--- DATA SHOWN Enclosed Below ---
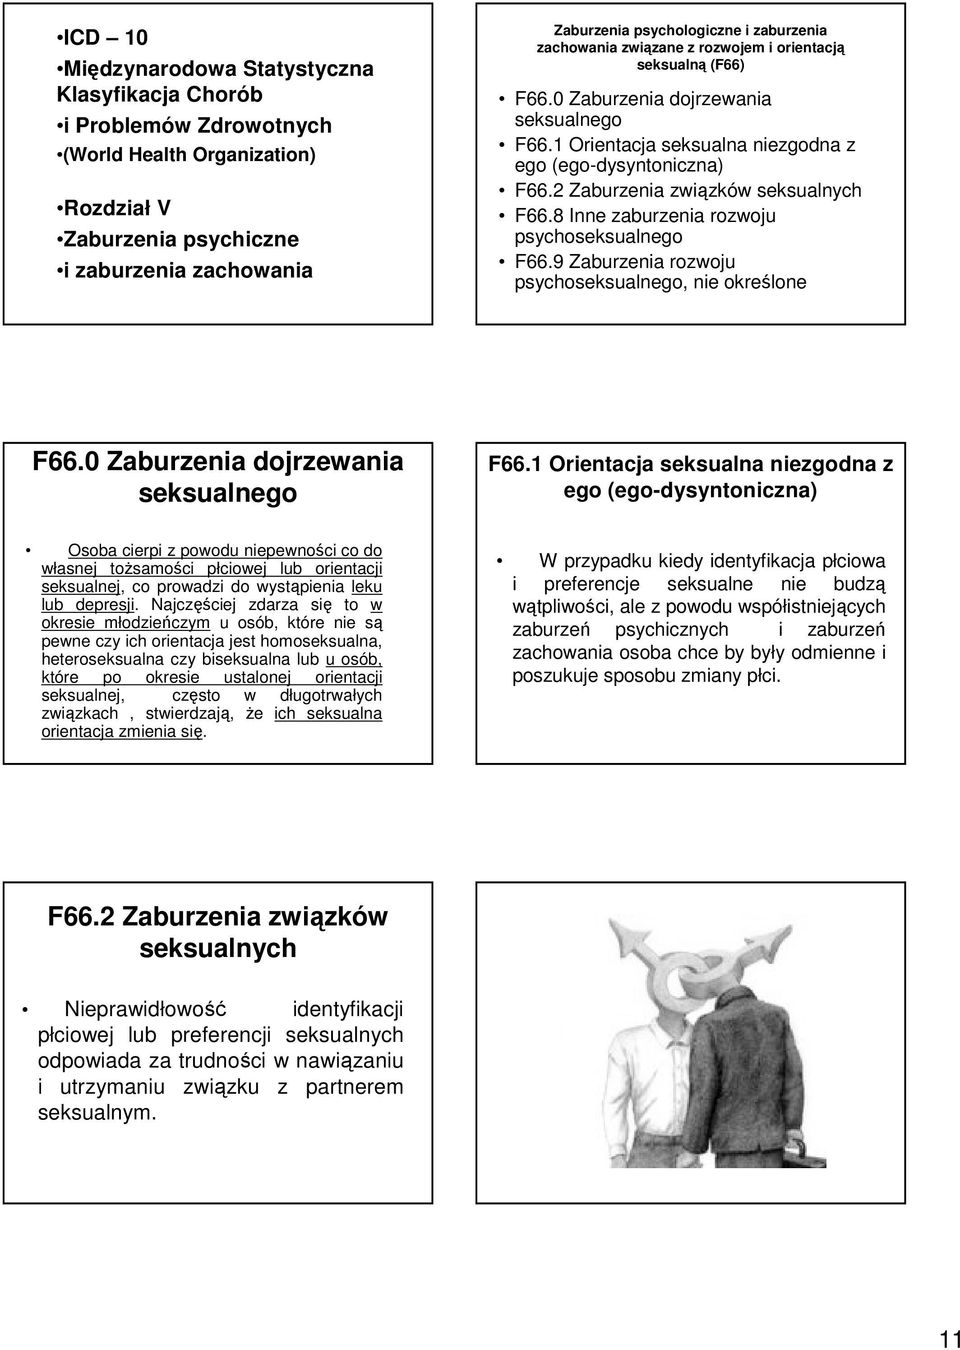 2 Zaburzenia związków seksualnych F66.8 Inne zaburzenia rozwoju psychoseksualnego F66.9 Zaburzenia rozwoju psychoseksualnego, nie określone F66.0 Zaburzenia dojrzewania seksualnego F66.
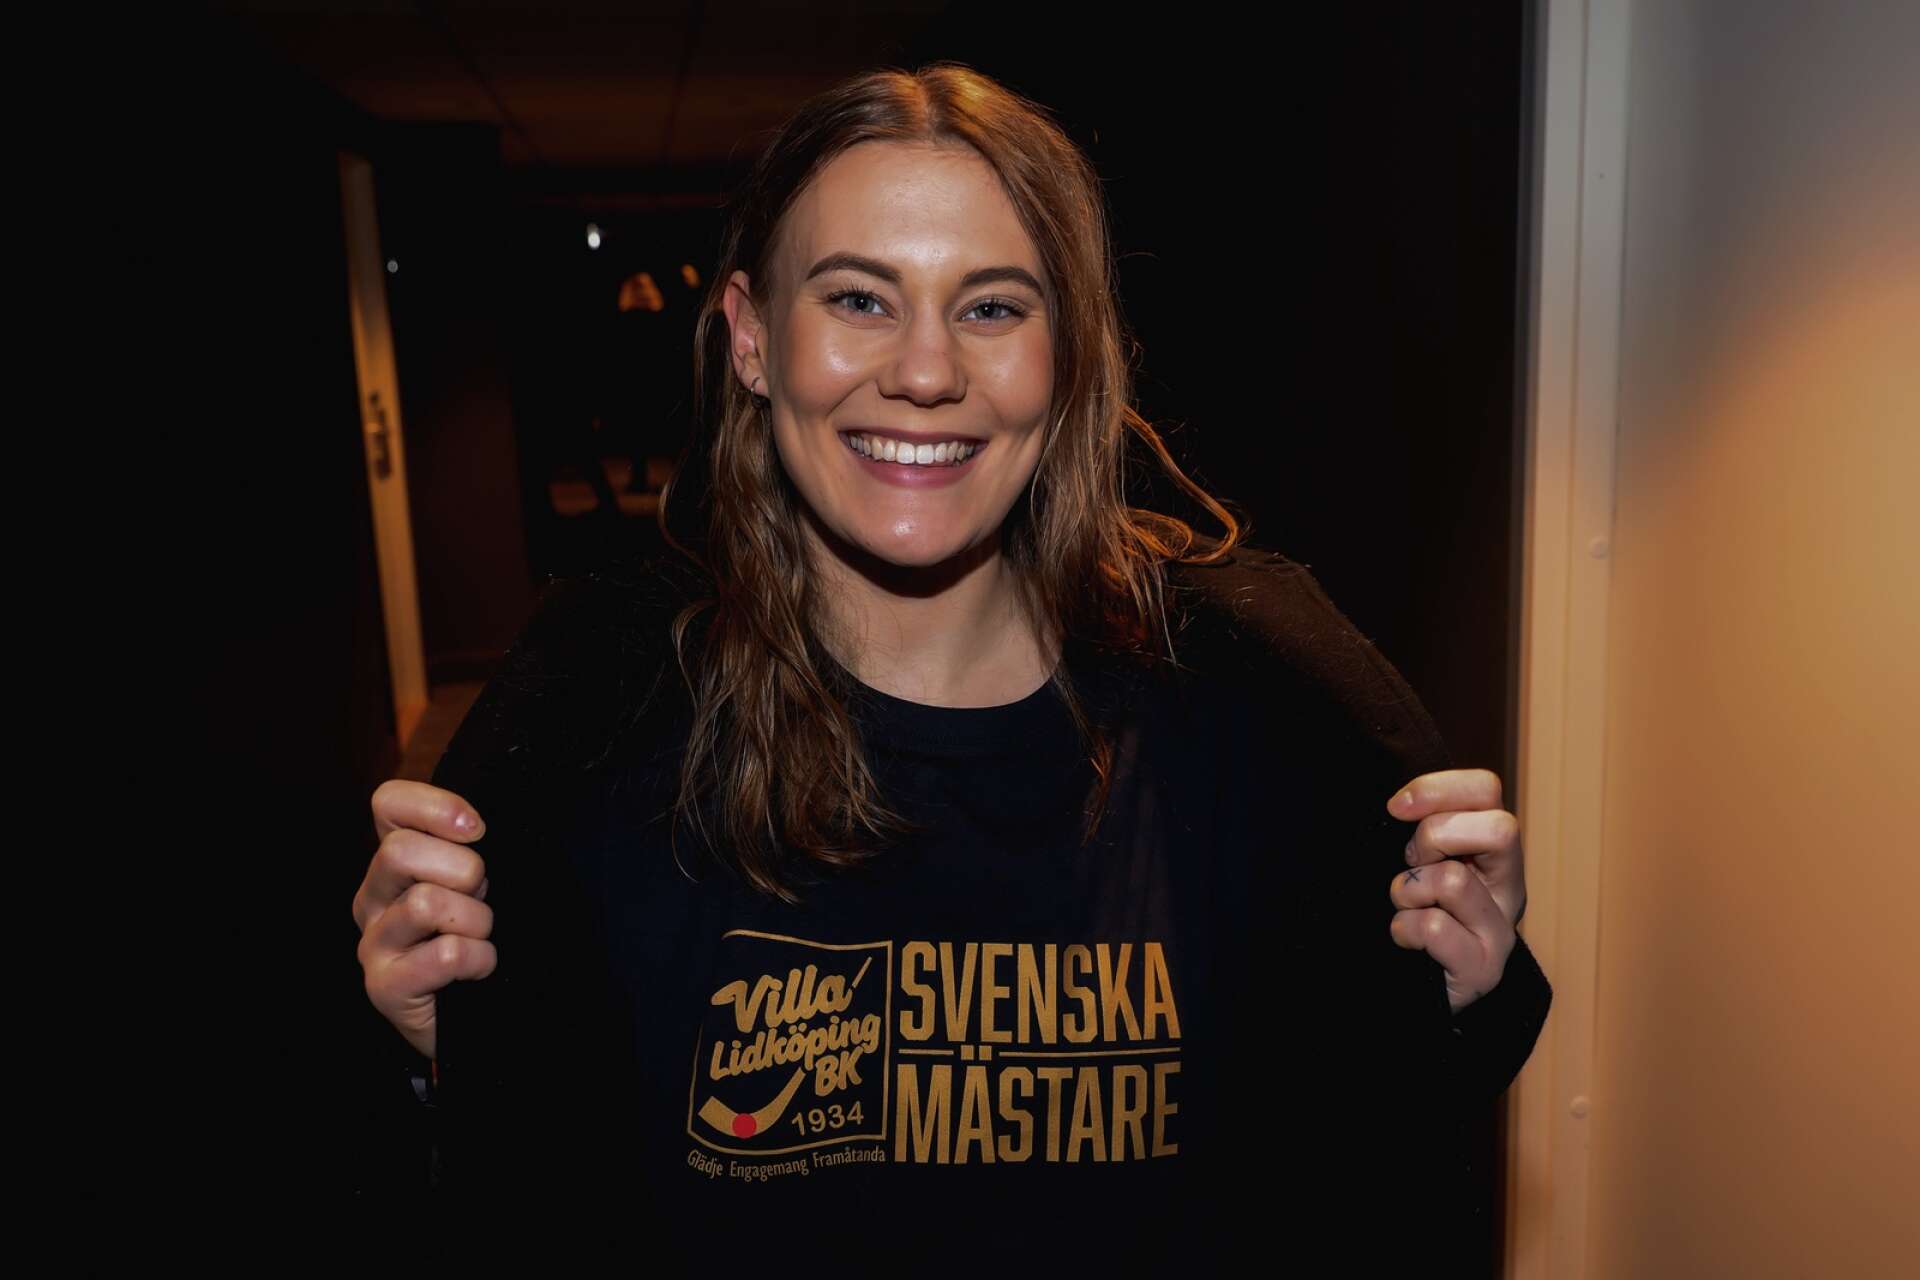 Frida Wiklund är Svensk mästare.
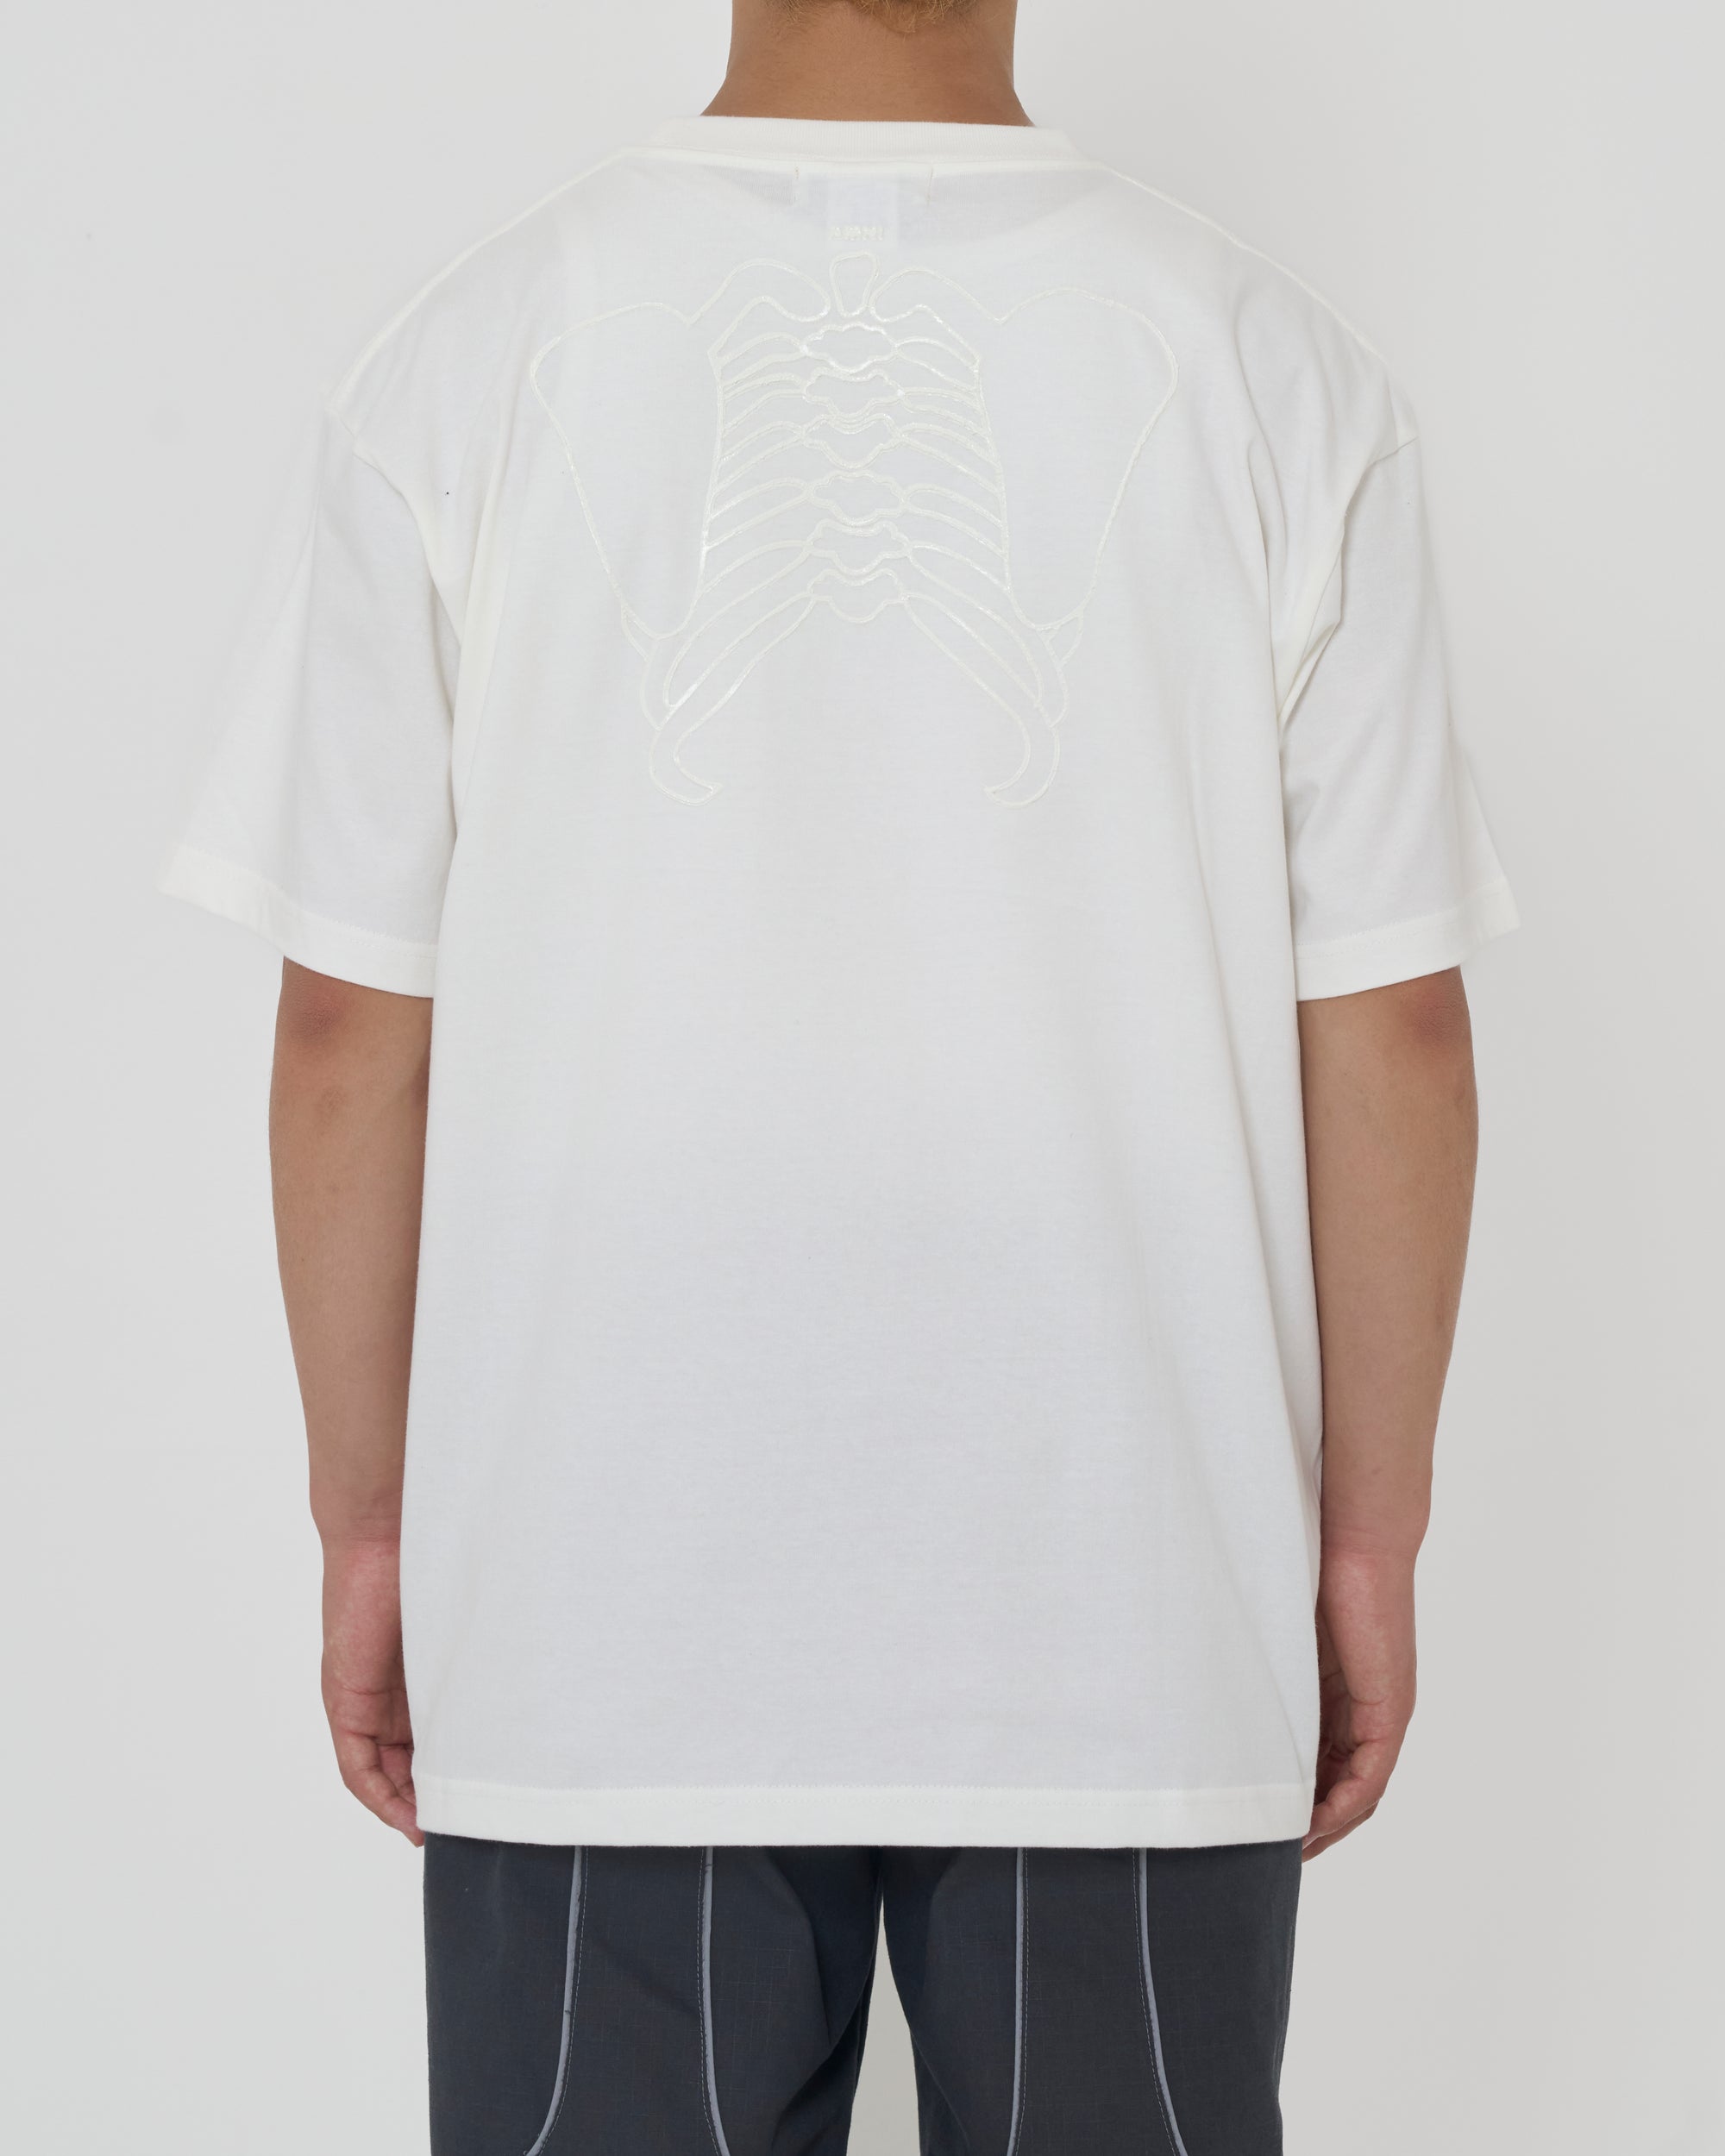 T-shirt / White × Luminous
--- End of Enclosed DATA SHOWN ---
> WHAT THE TASK ASKS
The data above must be written out again word for word, without its pictures.

> RESULT
 2 Zaburzenia związków seksualnych F66.8 Inne zaburzenia rozwoju psychoseksualnego F66.9 Zaburzenia rozwoju psychoseksualnego, nie określone F66.0 Zaburzenia dojrzewania seksualnego F66.
 Frida Wiklund är Svensk mästare.
 T-shirt / White × Luminous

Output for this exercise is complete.